• _GOAL OF THE EXERCISE_
Once the pictures are set aside, copy the data below exactly as it stands.

• _DATASET CONTENT_
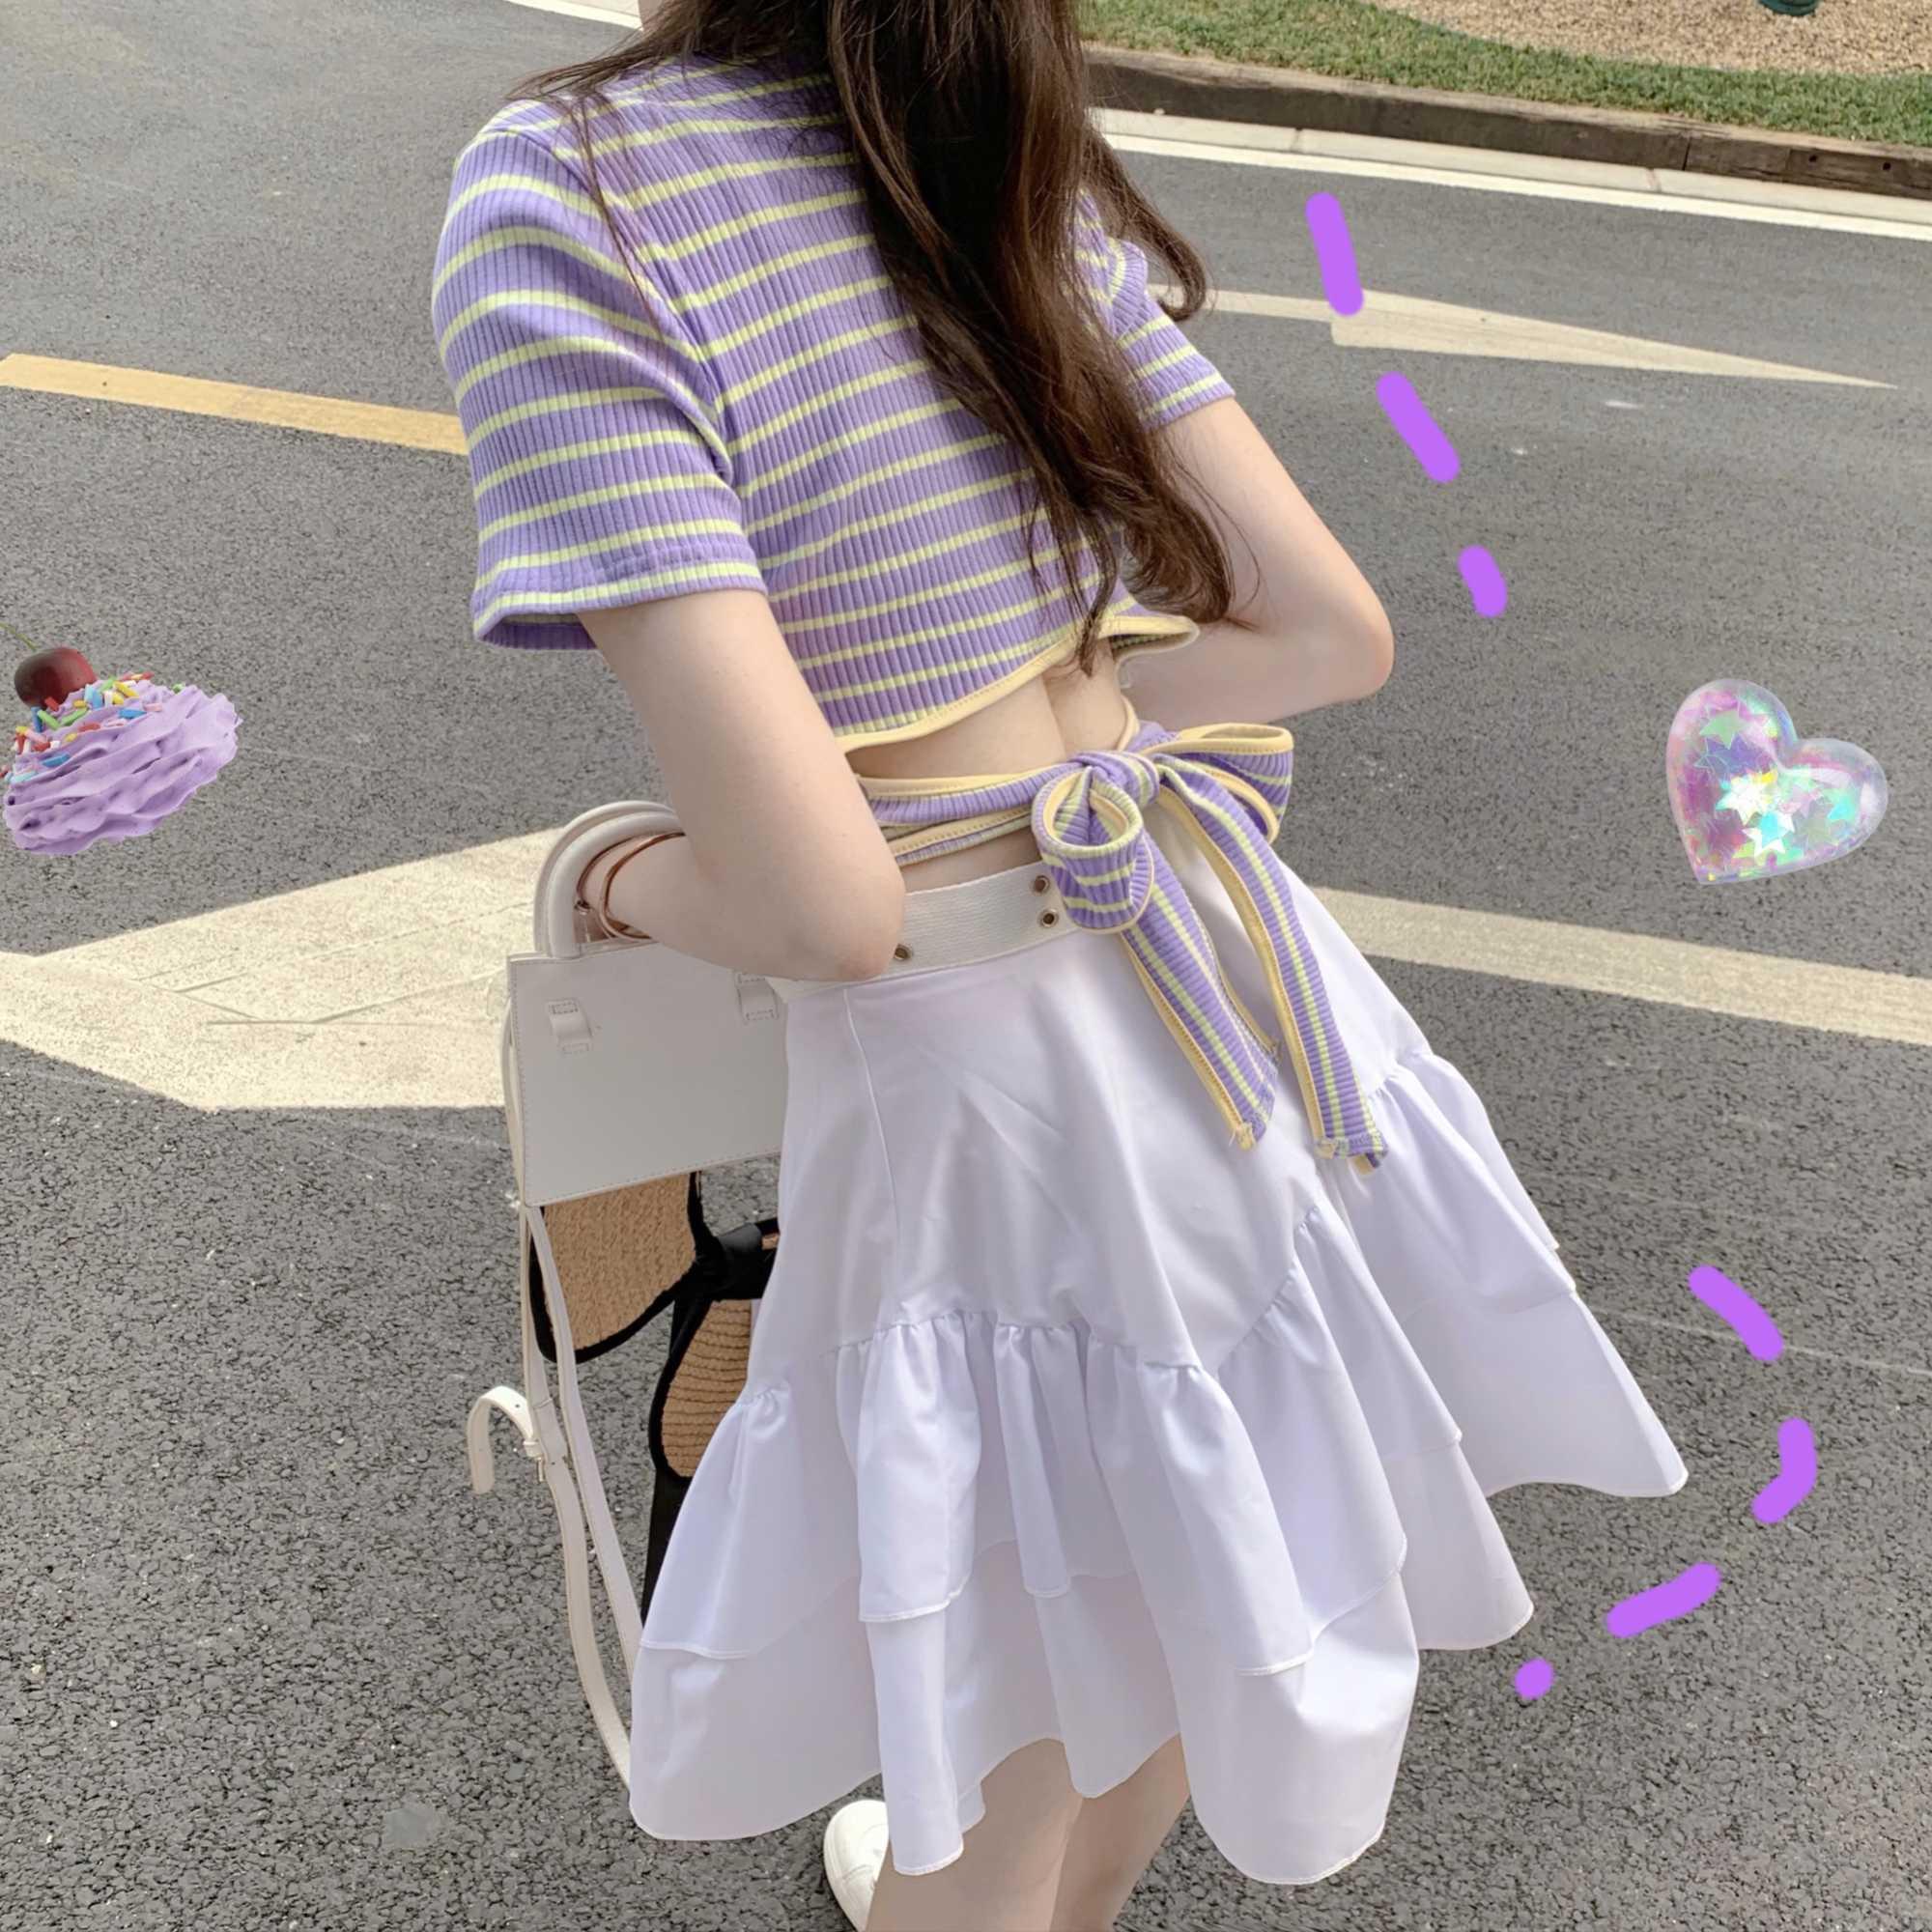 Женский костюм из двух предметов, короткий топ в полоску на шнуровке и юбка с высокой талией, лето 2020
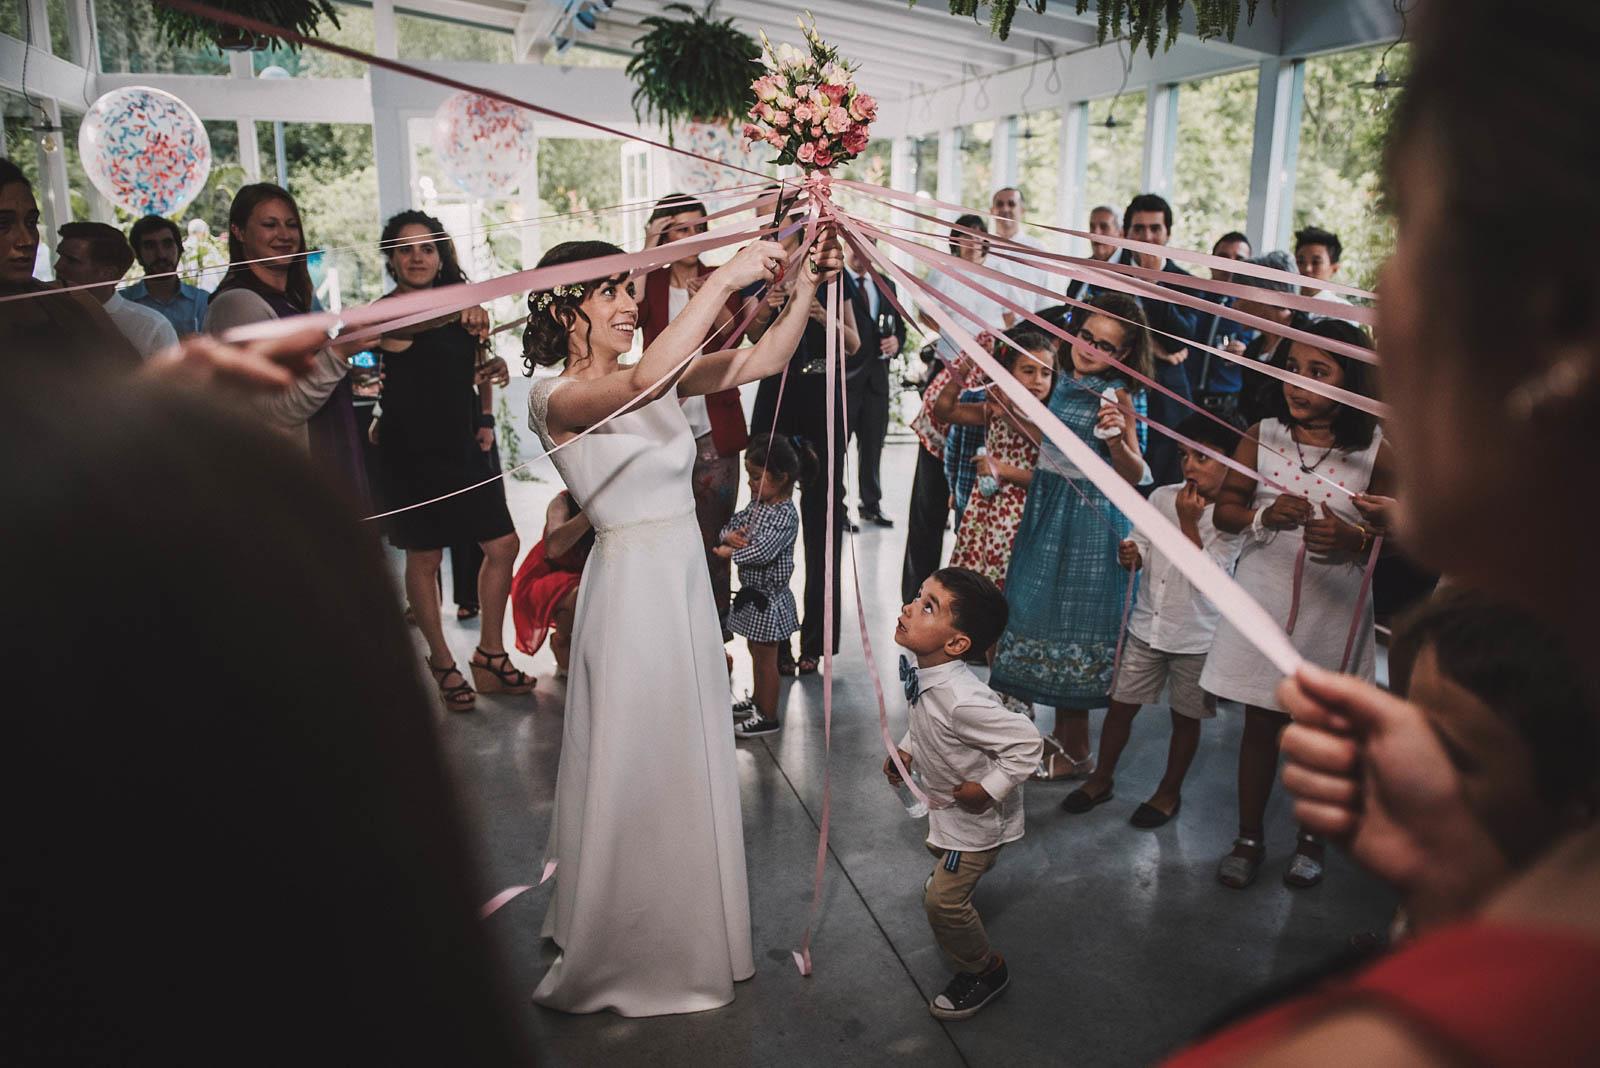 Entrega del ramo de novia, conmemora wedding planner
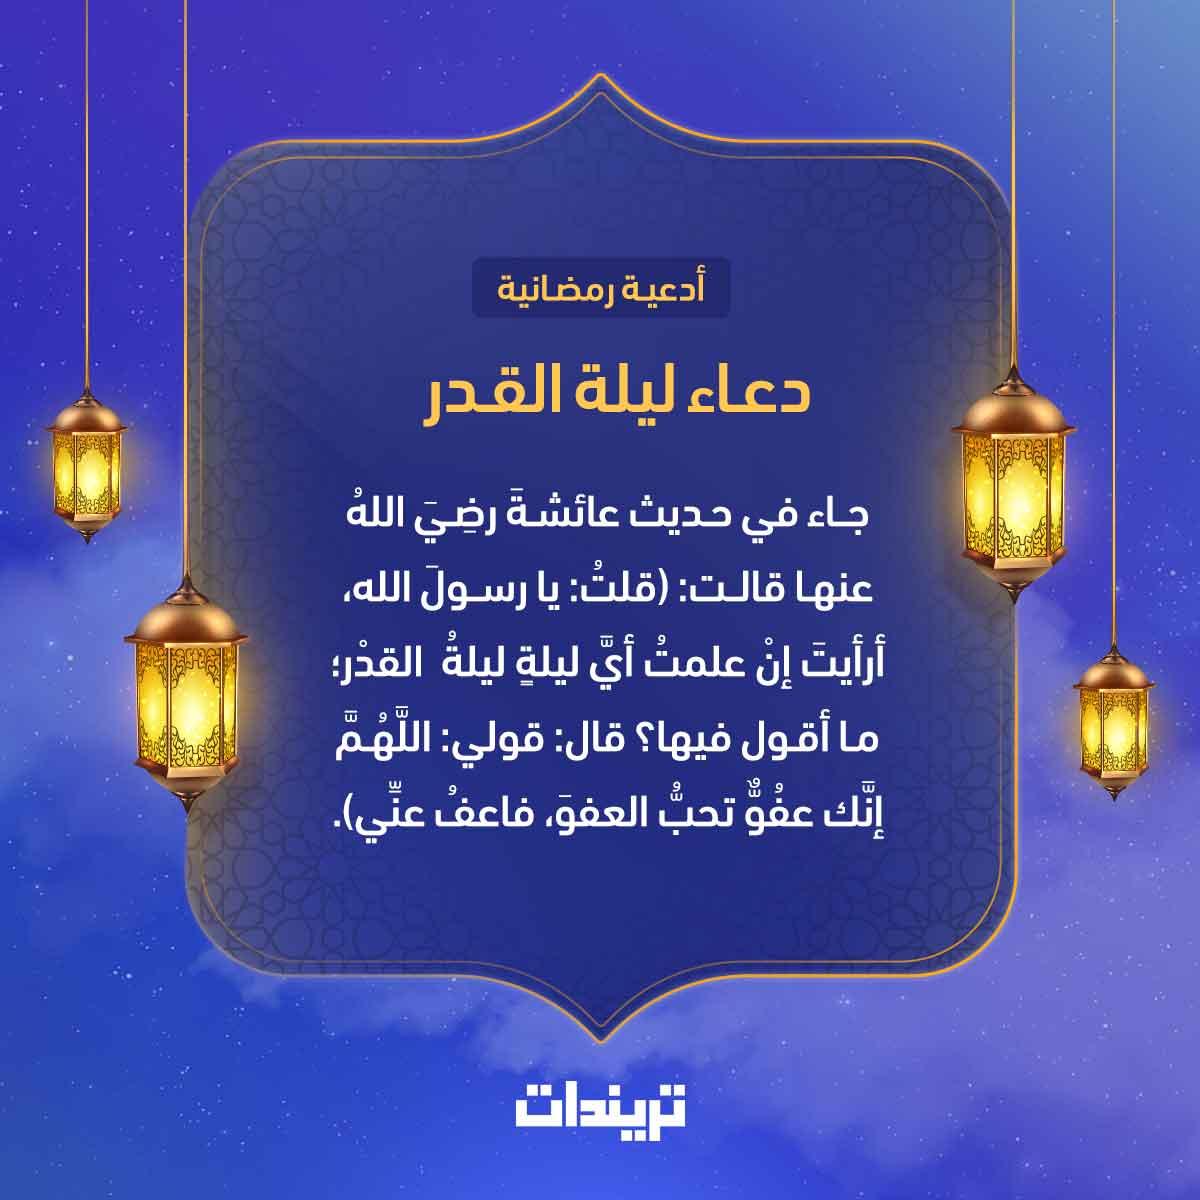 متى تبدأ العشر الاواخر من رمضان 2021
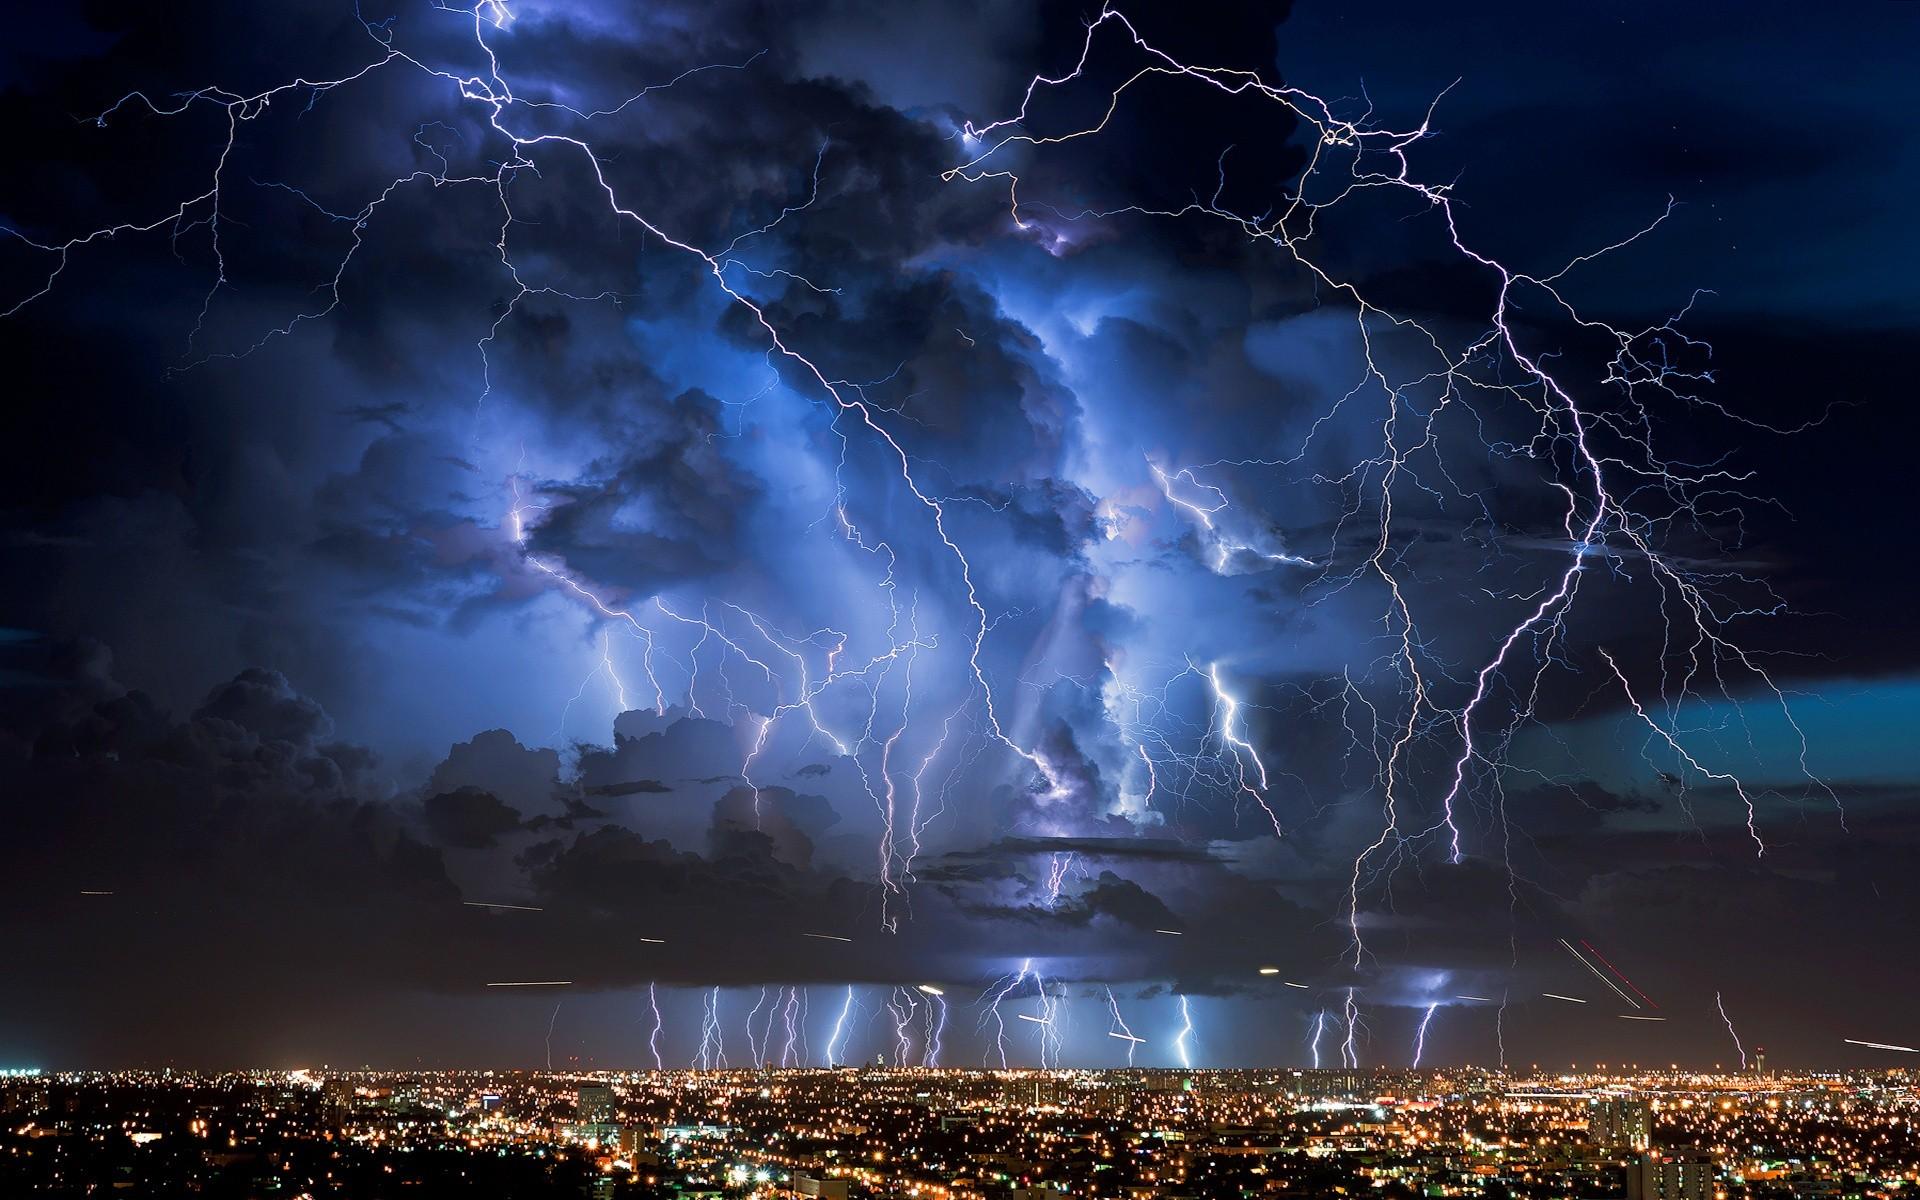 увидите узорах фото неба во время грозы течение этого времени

• _RESULT OF THIS EXERCISE_
 Женский костюм из двух предметов, короткий топ в полоску на шнуровке и юбка с высокой талией, лето 2020
 Entrega del ramo de novia, conmemora wedding planner
 متى تبدأ العشر الاواخر من رمضان 2021
 увидите узорах фото неба во время грозы течение этого времени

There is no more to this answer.